Potato and chorizo stew (patatas a la riojana in Spanish) is a popular Spanish stew from La Rioja (a province in the north of Spanish) and is basically made with potatoes, chorizo and pimenton de la Vera (Spanish paprika).
I’ve seen all kinds of versions of this recipe, but I’ve adapted it because I want you to make it from any part of the globe. Many people use ñoras, a Spanish dried red pepper, but it’s also delicious using a fresh red bell pepper and although pimenton de la Vera works best, this recipe can be made with any type of paprika you have on hand.
We prefer to make our chorizo at home following our vegan tofu chorizo recipe because is healthier and also gluten-free (most store-bought vegan chorizos in our area contain gluten), but any vegan chorizo is also okay.
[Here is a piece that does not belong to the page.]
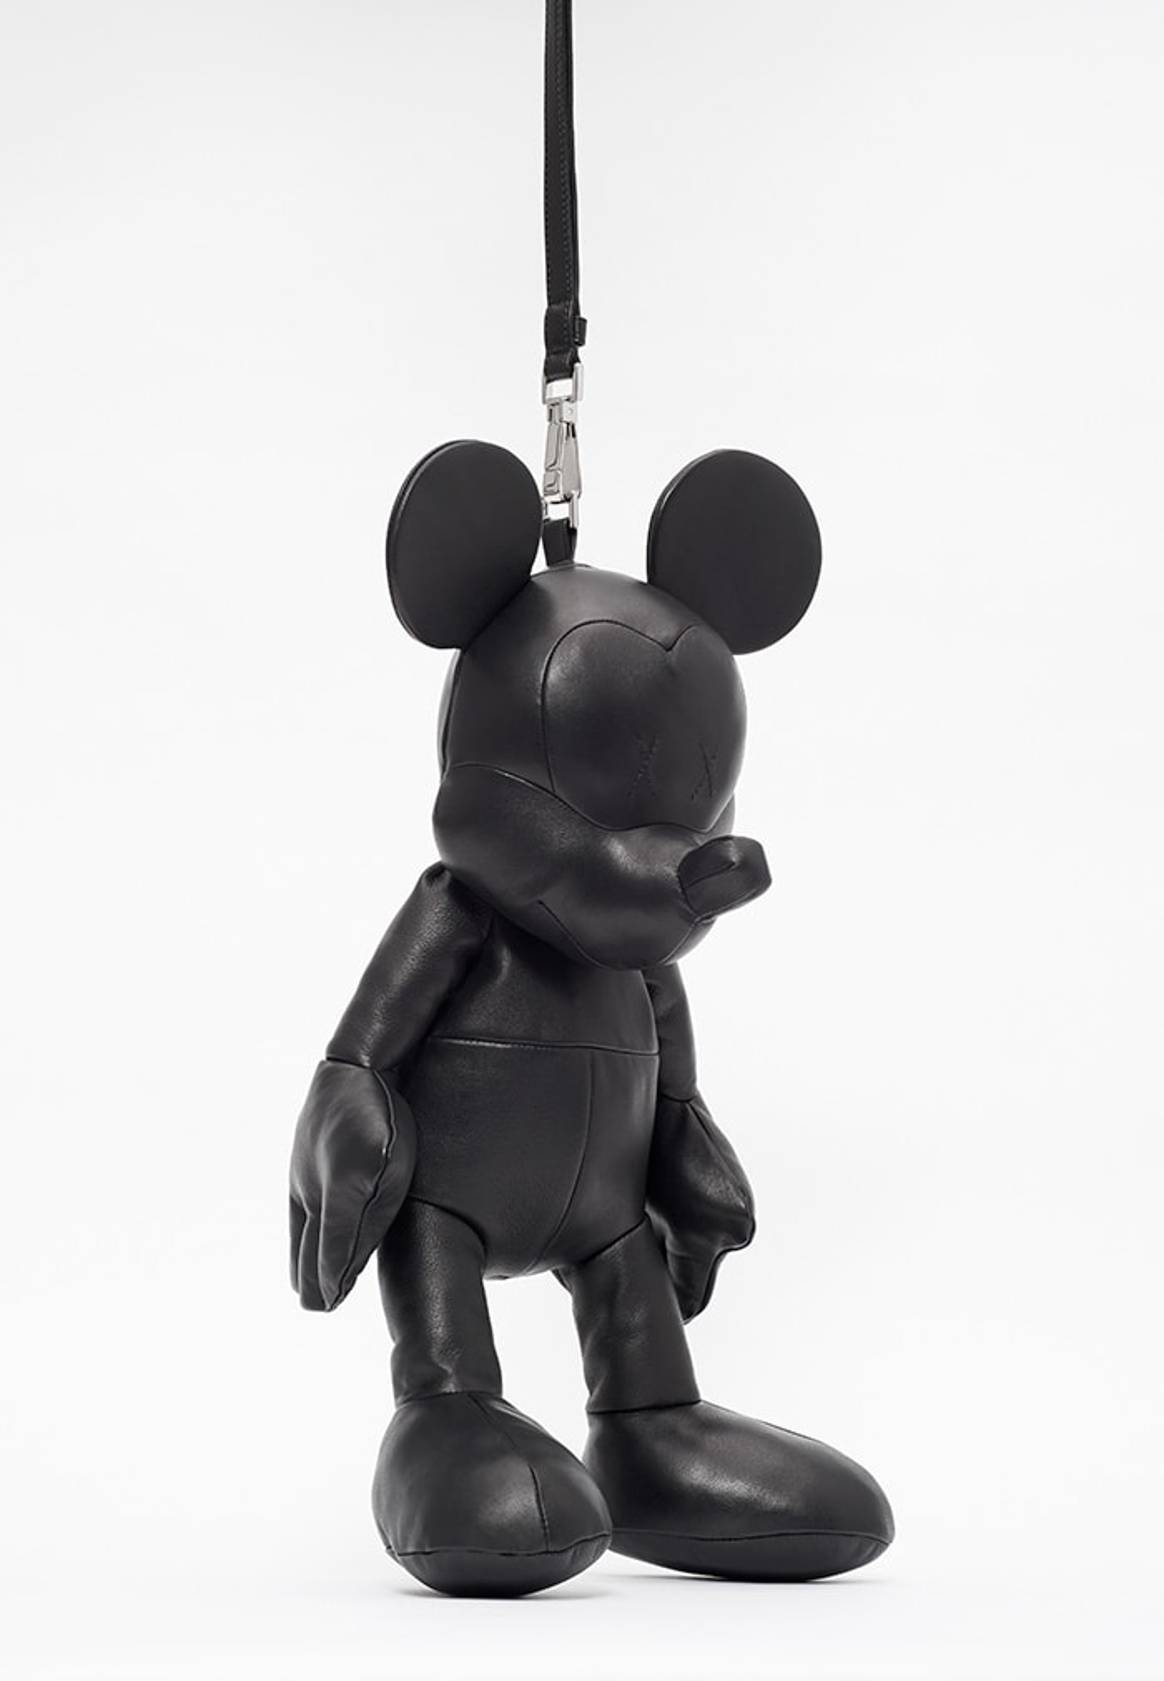 Christopher Raeburn Womens Mickey Mouse Bag Denim
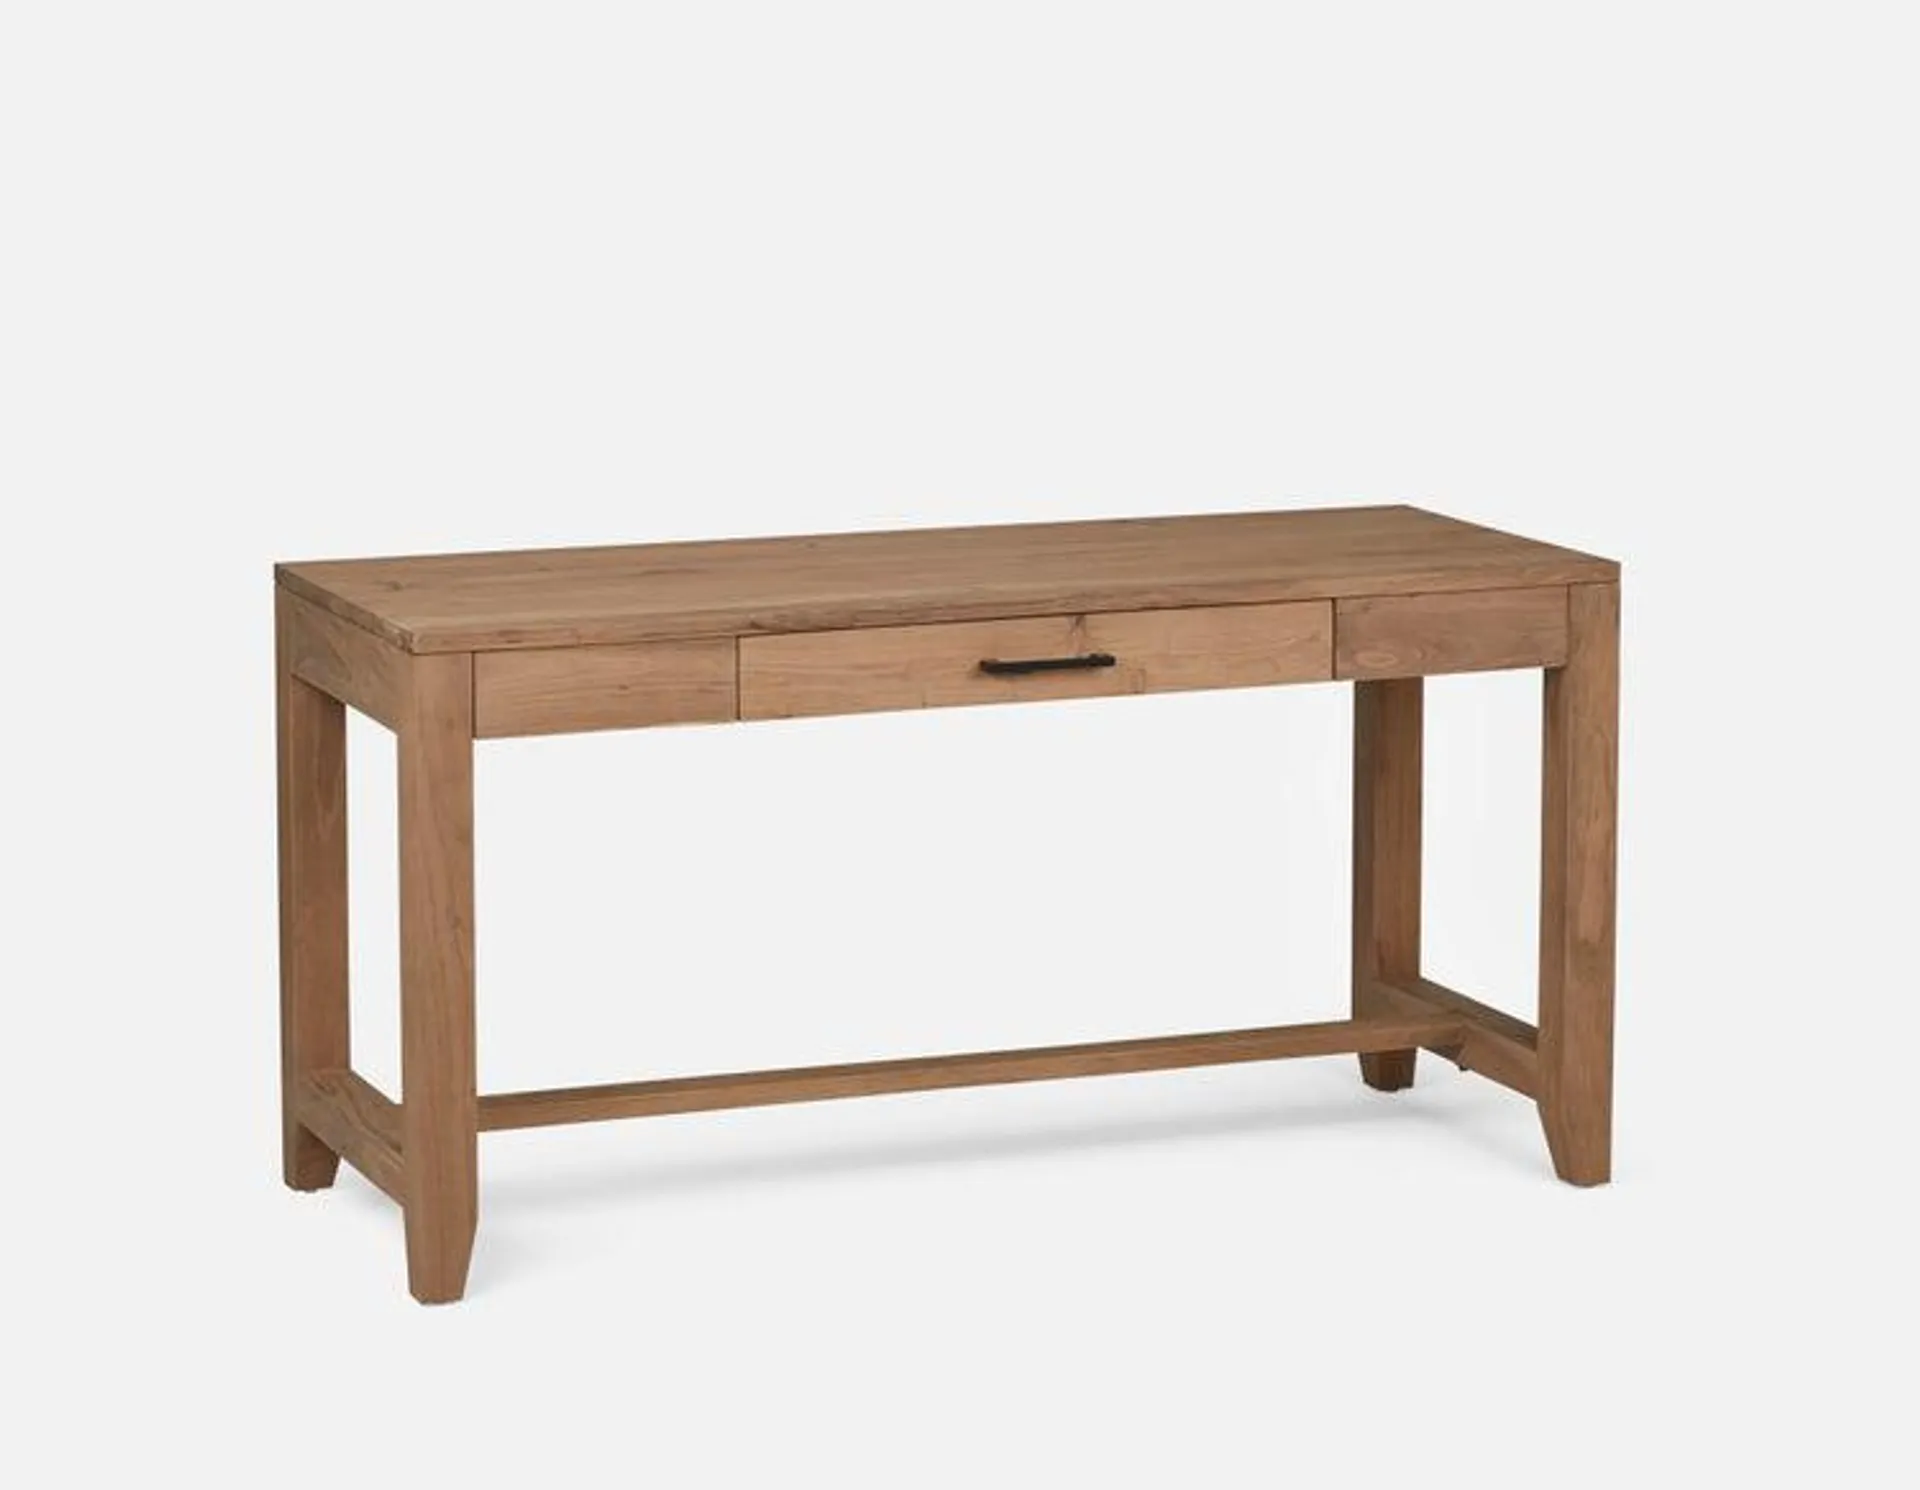 BAIYO acacia wood desk 150 cm

This is a really nutritious recipe as it includes protein from the tofu, carbs from the potatoes and also veggies. I would eat it with some salad or cooked veggies though.
looking for more spanish recipes?
- Vegan Spanish magro con tomate
- Vegan Spanish beef stew
- Spanish lentil stew
- Spanish pumpkin and chickpea stew
- 20-Minute vegan Spanish fabada
did you make this vegan spanish potato and chorizo stew?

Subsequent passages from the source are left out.